I second the answer using the Pandas dataframes. However, my code should be a bit simpler than yours.
In [1]: import pandas as pd
In [5]: data = [{'a': 2, 'g': 1},{'p': 3, 'a': 5, 'cat': 4}]
In [6]: df = pd.DataFrame(data)
In [7]: df
Out[7]:
a cat g p
0 2 NaN 1 NaN
1 5 4 NaN 3
In [9]: df = df.fillna(0)
In [10]: df
Out[10]:
a cat g p
0 2 0 1 0
1 5 4 0 3
I did my coding in iPython, which I highly recommend!

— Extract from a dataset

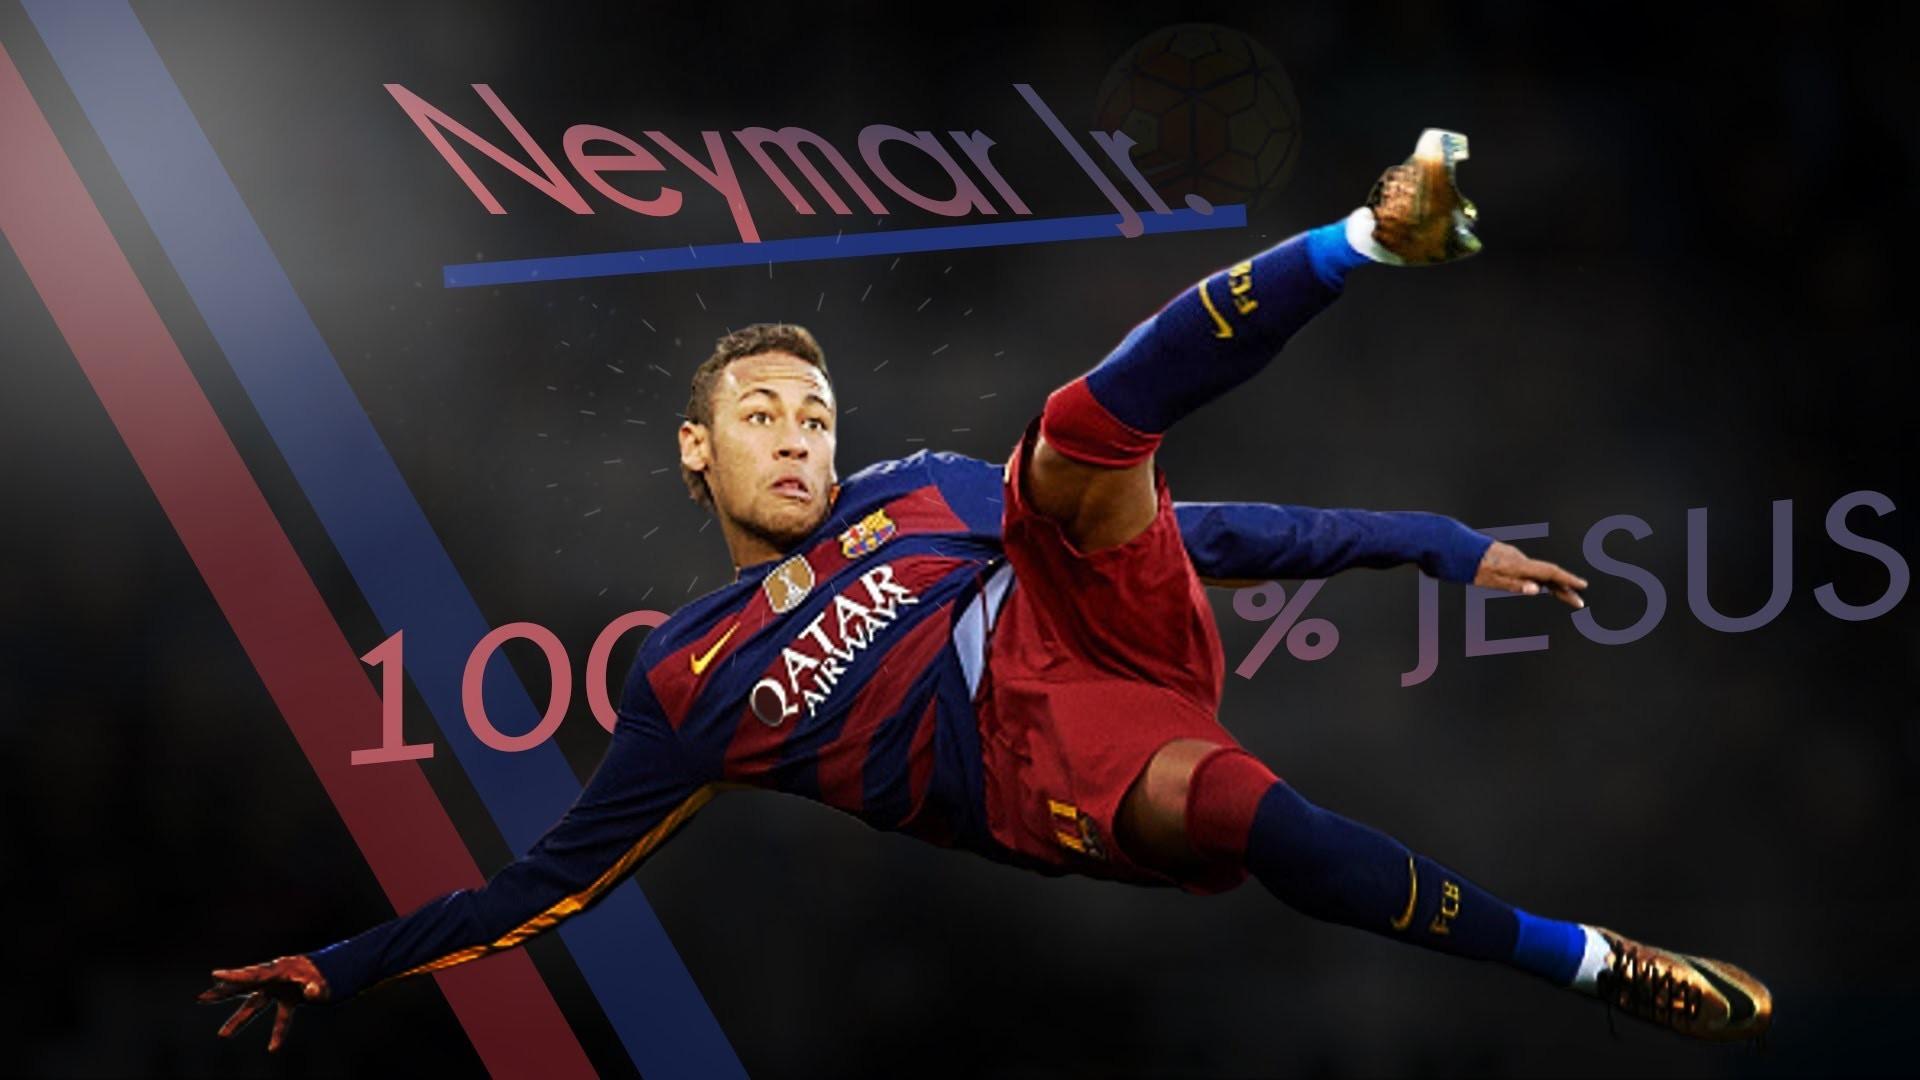 Neymar Brazil Wallpaper 2018 HD ·① WallpaperTag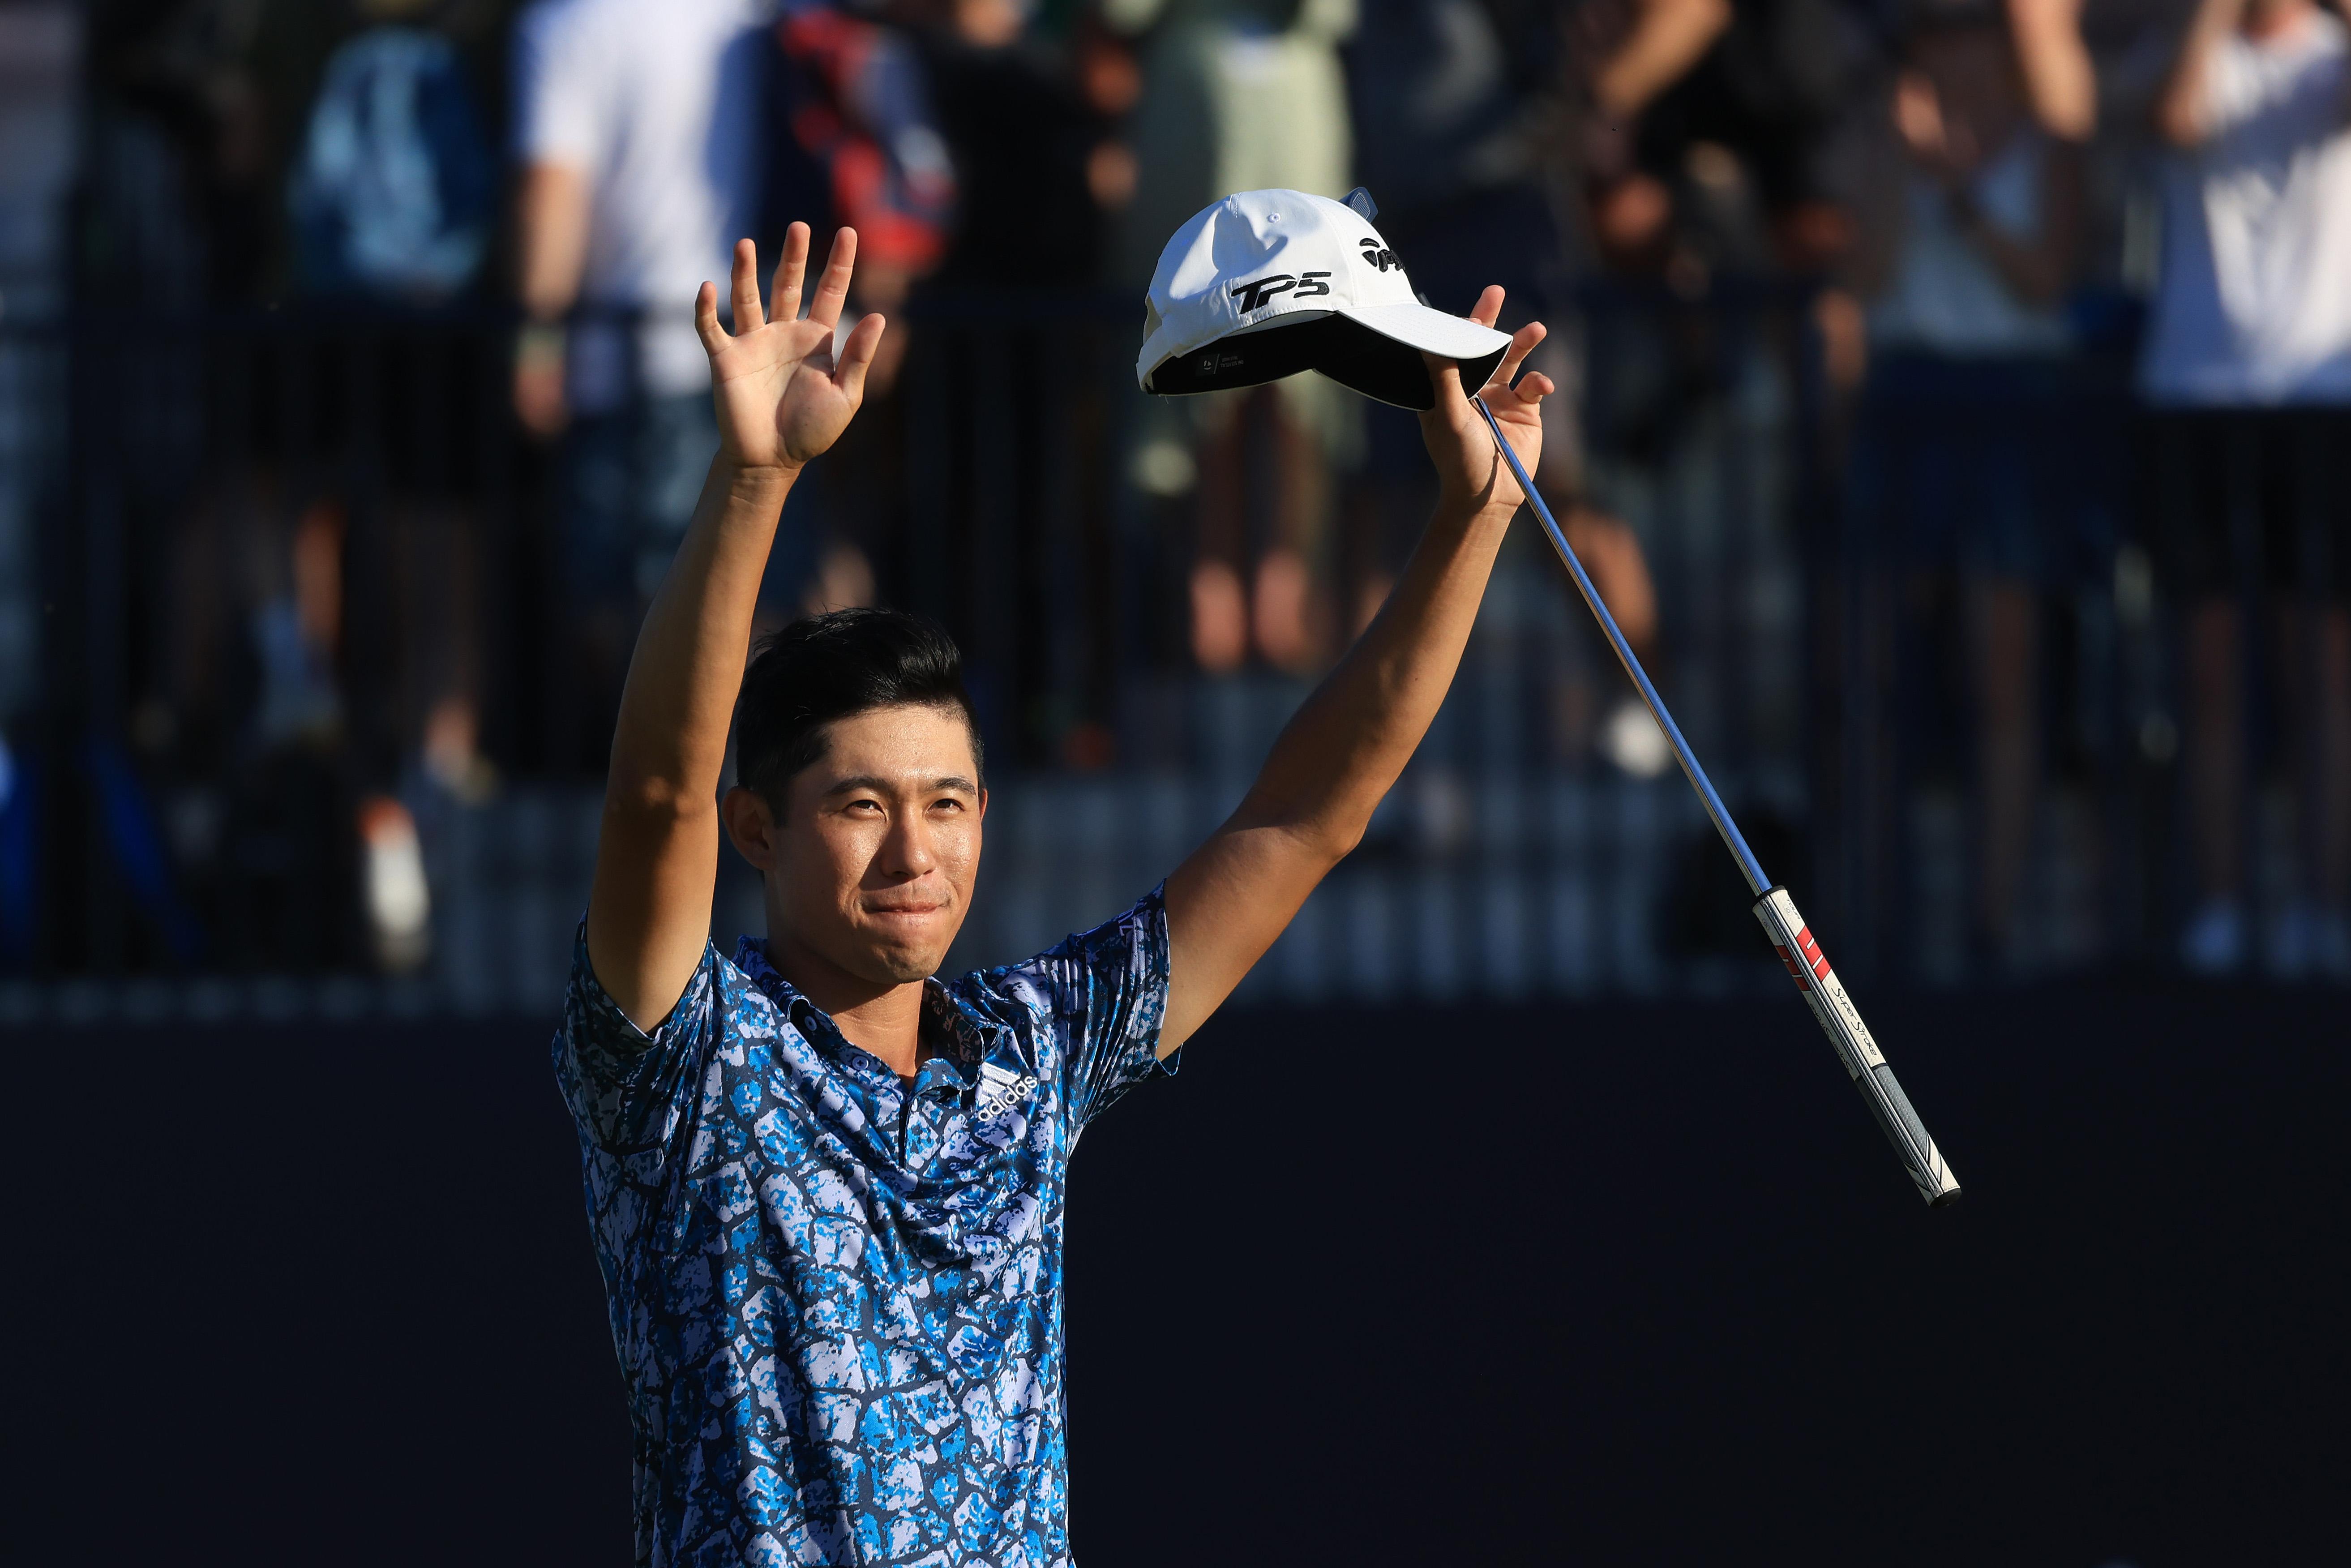 Collin Morikawa celebrates winning the Open

To save to csv, just use an additional line of code:
df.to_csv('filename.csv')
I am a freshie in python, just suggestions that may be helpful hopefully:)
key_map = []
for row in data:
key_map.extend(row.keys())
key_map = list(set(key_map))
you can change the middle part to this, which will save you some time to find the key_map
In your case union will at least scan through each row to find the different item.